### DIRECTIONS FOR THIS TASK
All pictures are to be excluded when the data below is output verbatim.

SOURCE MATERIAL START

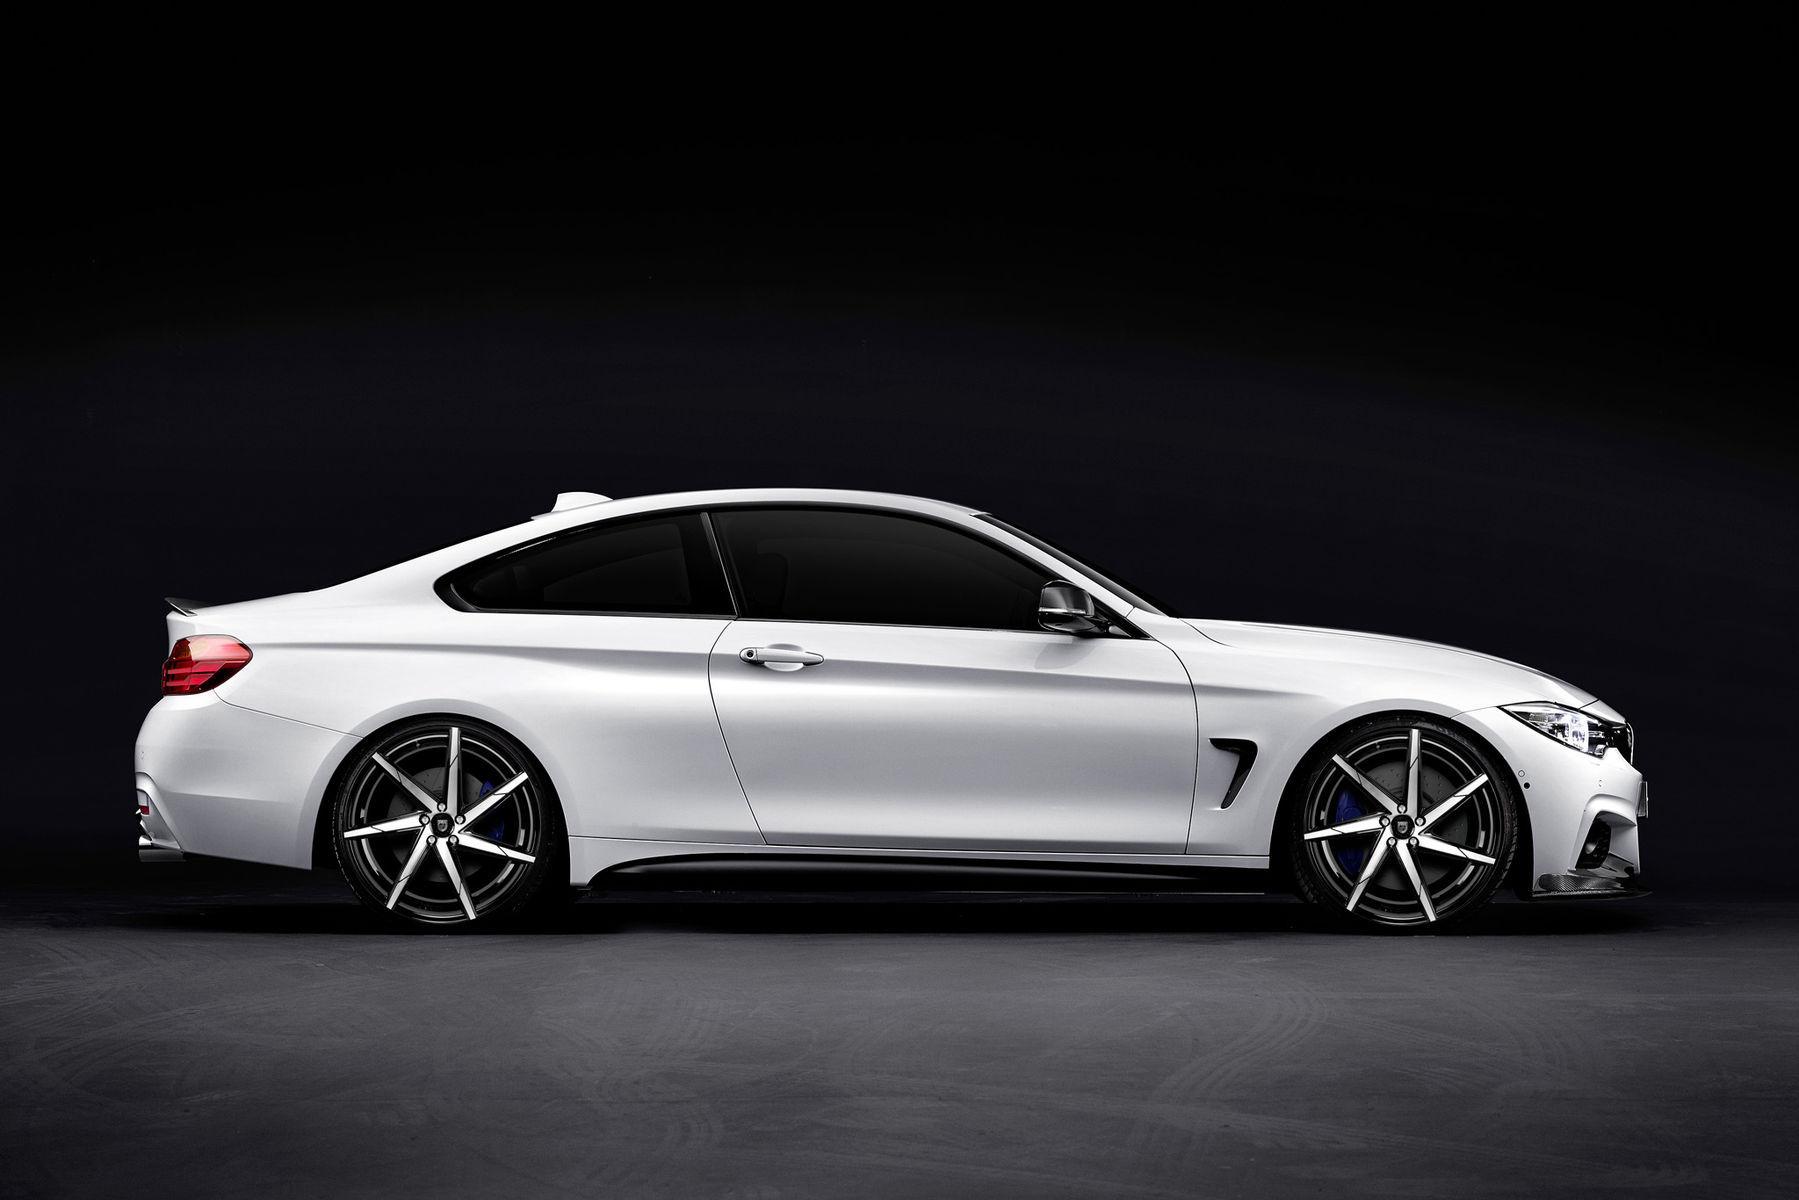 2014 BMW 4 Series | BMW 4-series on Lexani CSS-7s
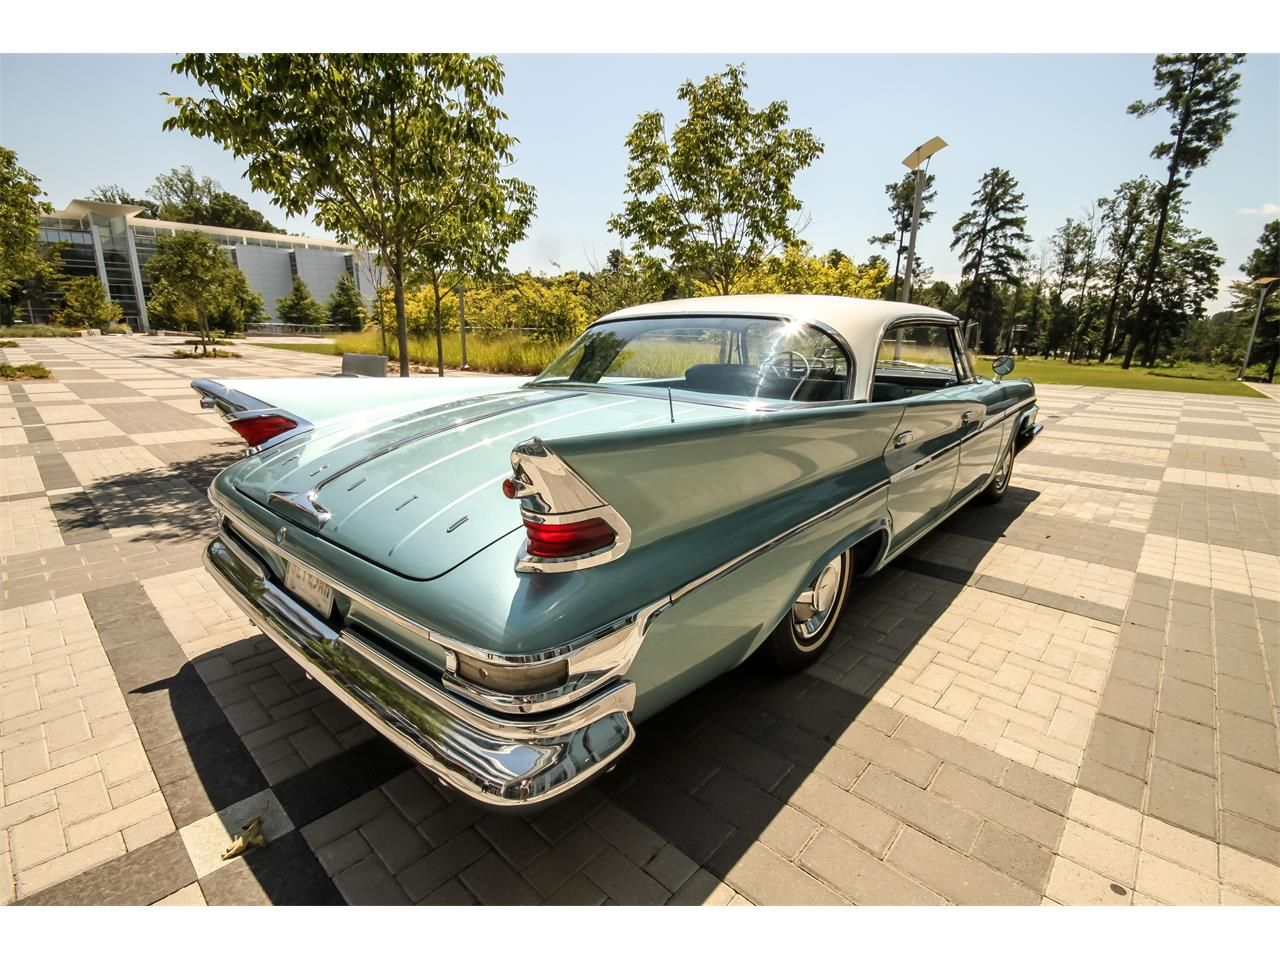 1961 DeSoto Vintage cars, Classic cars trucks, Classic cars
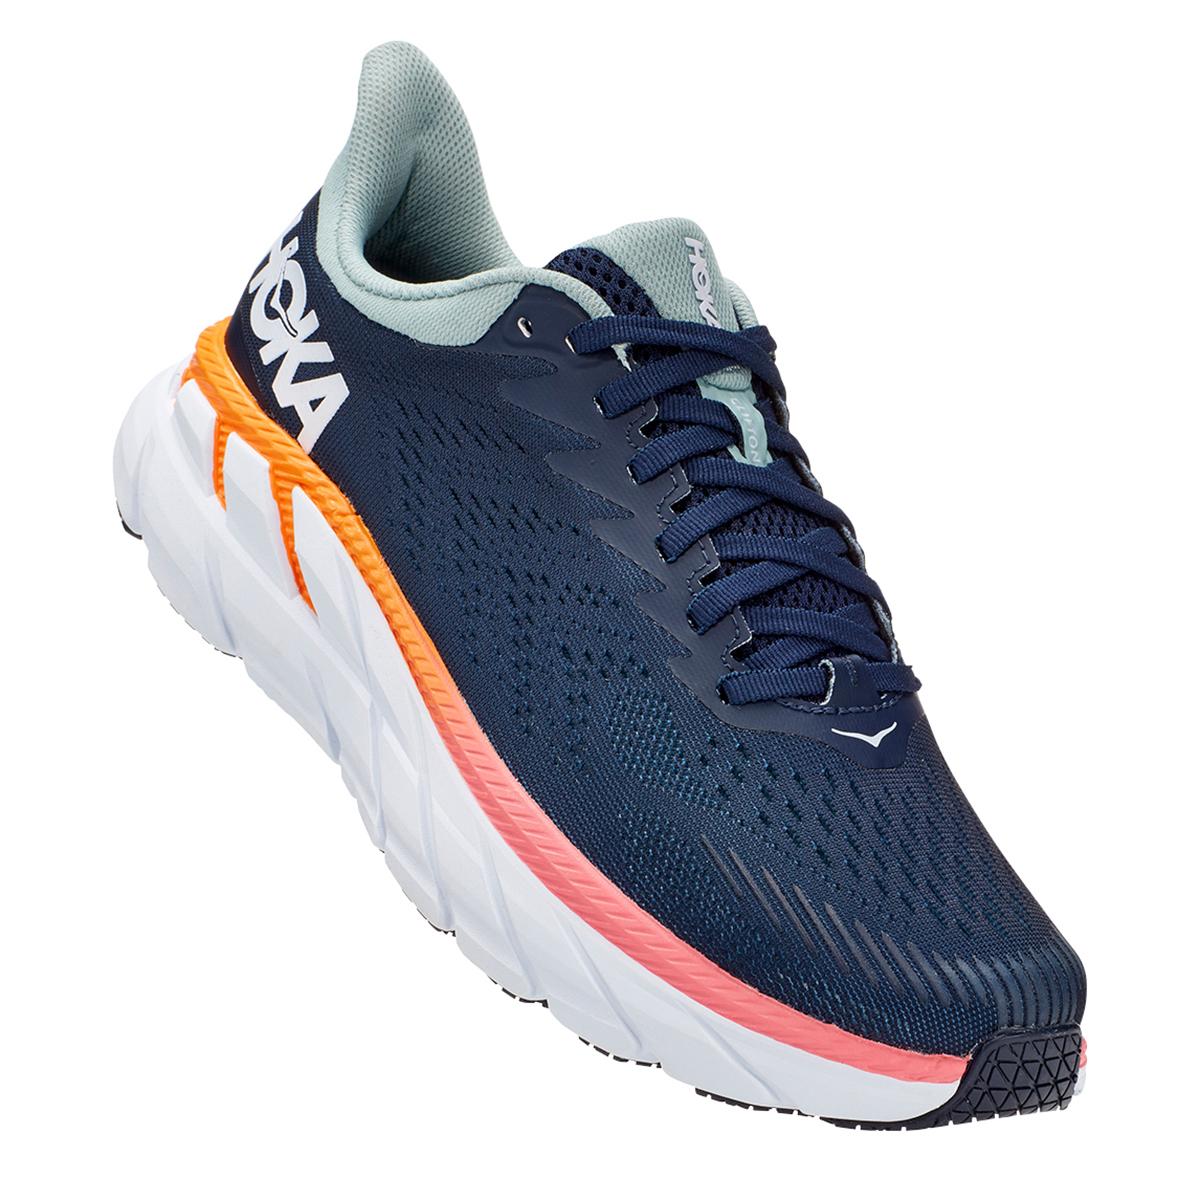 Women's Hoka One One Clifton 7 Running Shoe - Color: Black Iris/Blue Haze - Size: 6 - Width: Regular, Black Iris/Blue Haze, large, image 4
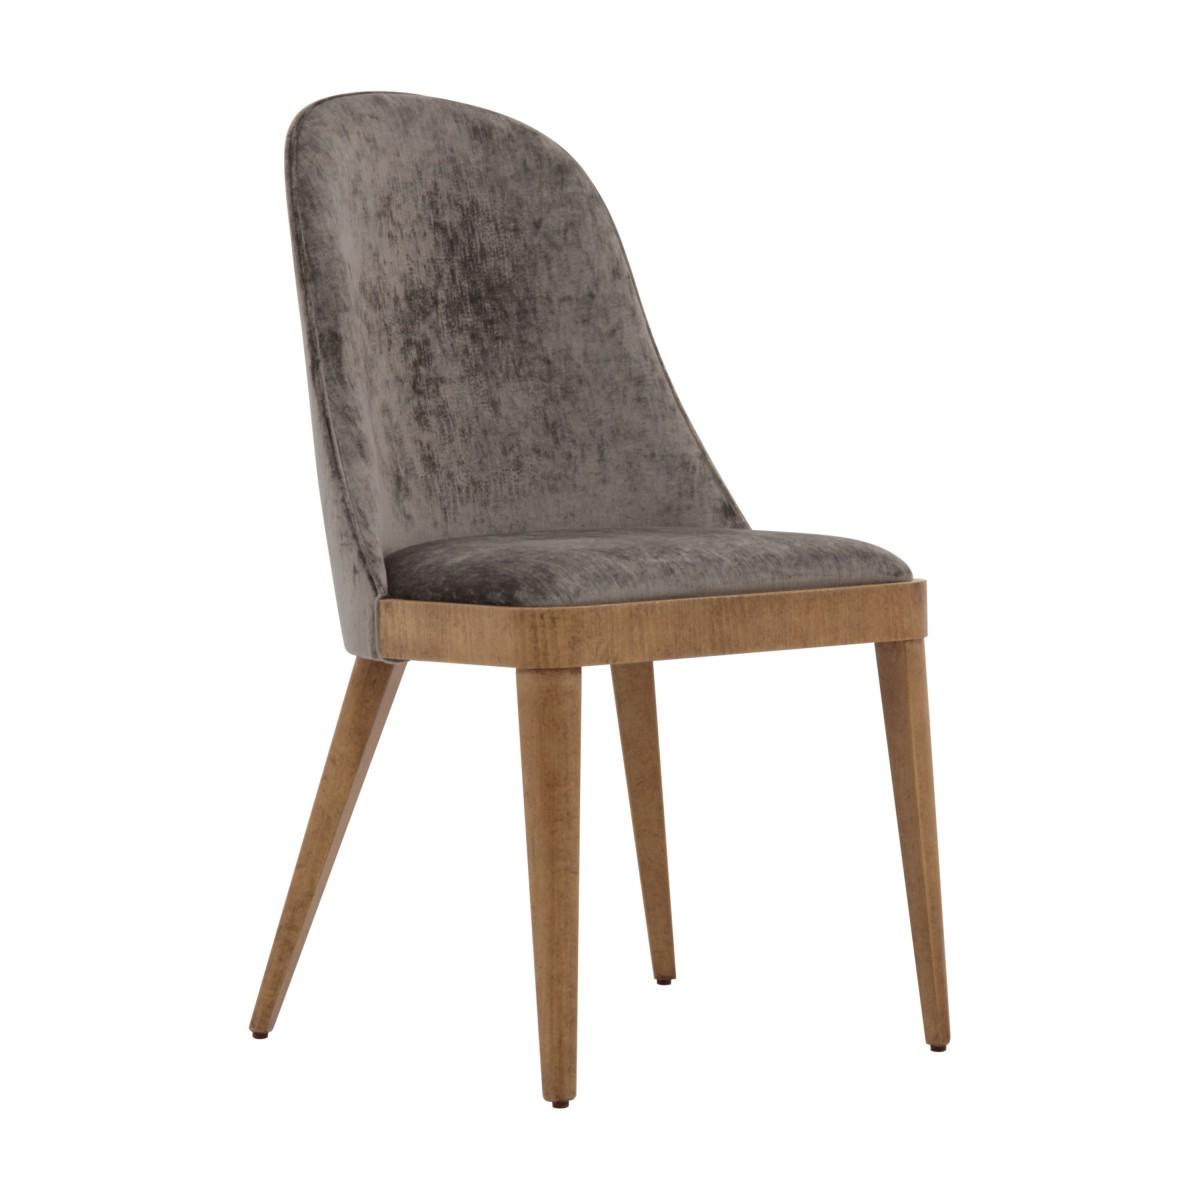 italian modern chair svezia 3 2921

SOURCE MATERIAL END

### RESPONSE TO THE EXERCISE
 2014 BMW 4 Series | BMW 4-series on Lexani CSS-7s
 1961 DeSoto Vintage cars, Classic cars trucks, Classic cars
 Women's Hoka One One Clifton 7 Running Shoe - Color: Black Iris/Blue Haze - Size: 6 - Width: Regular, Black Iris/Blue Haze, large, image 4
 italian modern chair svezia 3 2921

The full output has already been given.